You definitely need a lift. Not just a "donut" (circumareolar) but a "lollipop" (circumvertical). However, I would recommend that you complete your family before embarking on any breast surgery.
You need a vertical mastopexy with an implant. There is no question. I do a very high volume of breast surgery and I can tell you that attempting to fix the problems caused doing the wrong surgery is much more difficult and will never give as good of a result as doing the correct surgery the first time around.
If you are definitely planning on having more children in the next 1-2 years, then I would wait on any breast cosmetic surgery until after your last child. If having more children is unlikely, then go ahead with your breast surgery with a lift.

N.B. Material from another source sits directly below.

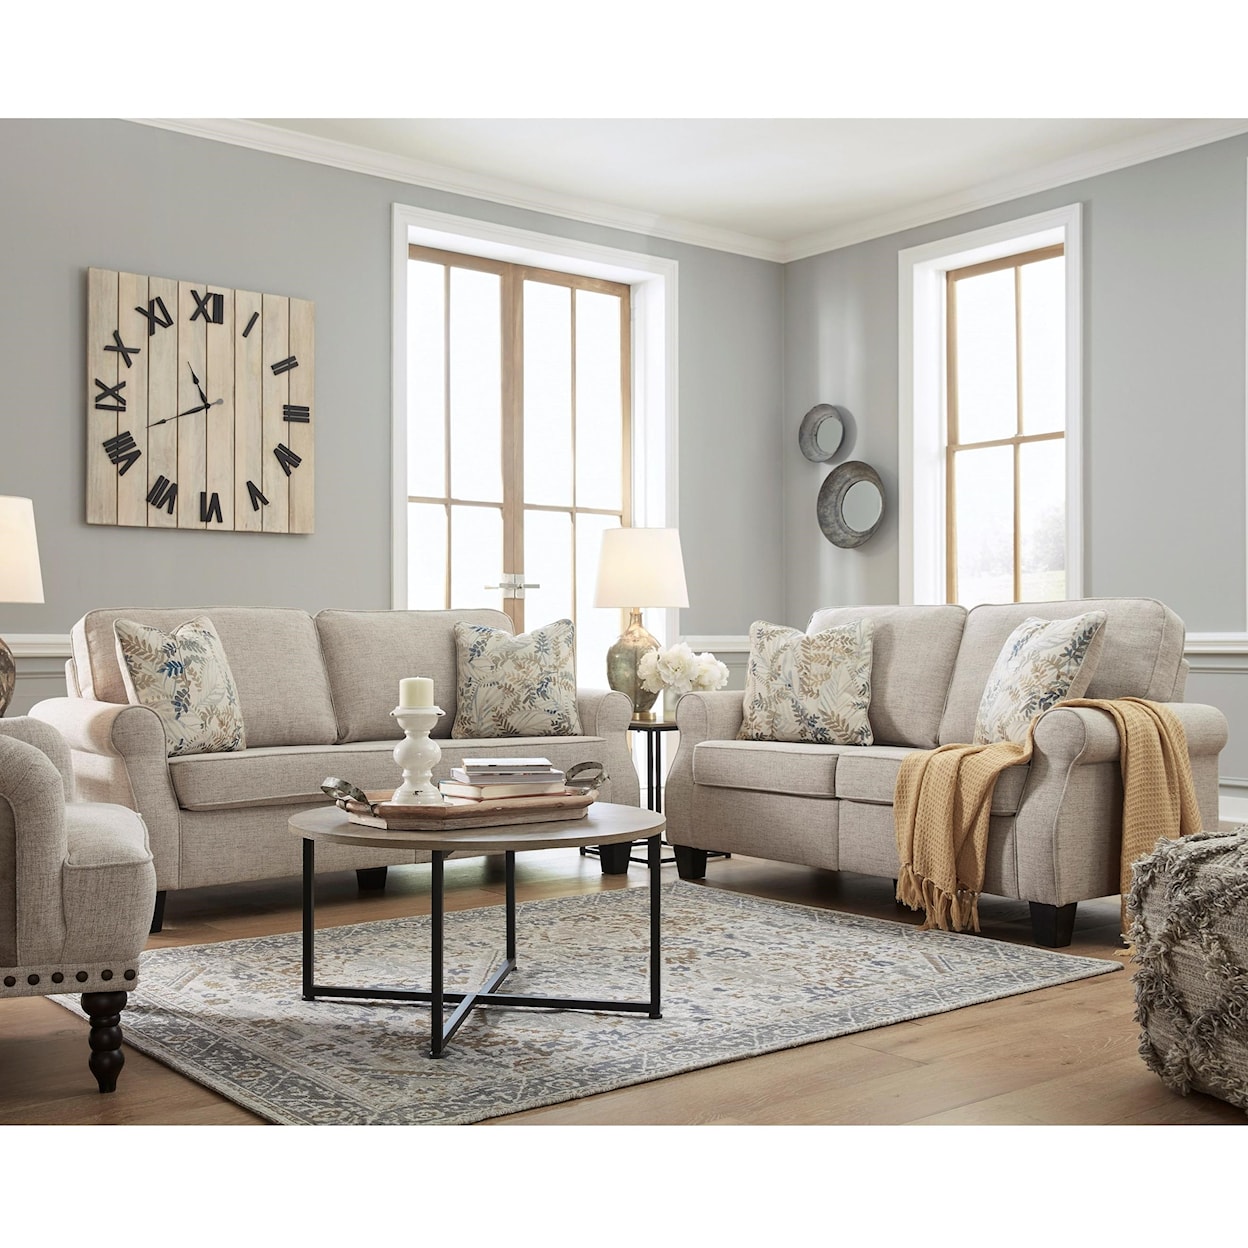 Ashley Furniture Signature Design Alessio Living Room Group

A circumareolar (donut lift), in my opinion, should be reserved for patients with tighter lower breast poles (that don't need tightening) and nipple-areolar (N-A) complexes that are low. This does not appear to be you. If the N-A complex needs raising AND the lower breast poles/curve is low, then a fuller mastopexy is required and desired. The resulting vertical scar between the lower edge of the areola and the lower breast fold tends to heal very well and therefore do not fear it. The donut lift scars tend not to heal optimally.
If you have the surgery and then happen to get pregnant, it is not a forgone conclusion that further surgery would be needed.
You will be disappointed and have a poor cosmetic result without a breast lift. If you are concerned about having that procedure now, I would suggest that you wait until you are finished having children and then decide if the appearance of your breasts concern you enough to have the most optimal procedures, a breast lift (mastopexy) and implant. Ifr you are ambivalent don't have the surgery, which is totally elective.
If and when you are ready, I would suggest rhat you
find a plastic surgeon certified by the American Board of Plastic Surgery and
ideally a member of the American Society for Aesthetic Plastic
Surgery (ASAPS) that you trust and are comfortable with. You should
discuss your concerns with that surgeon in person.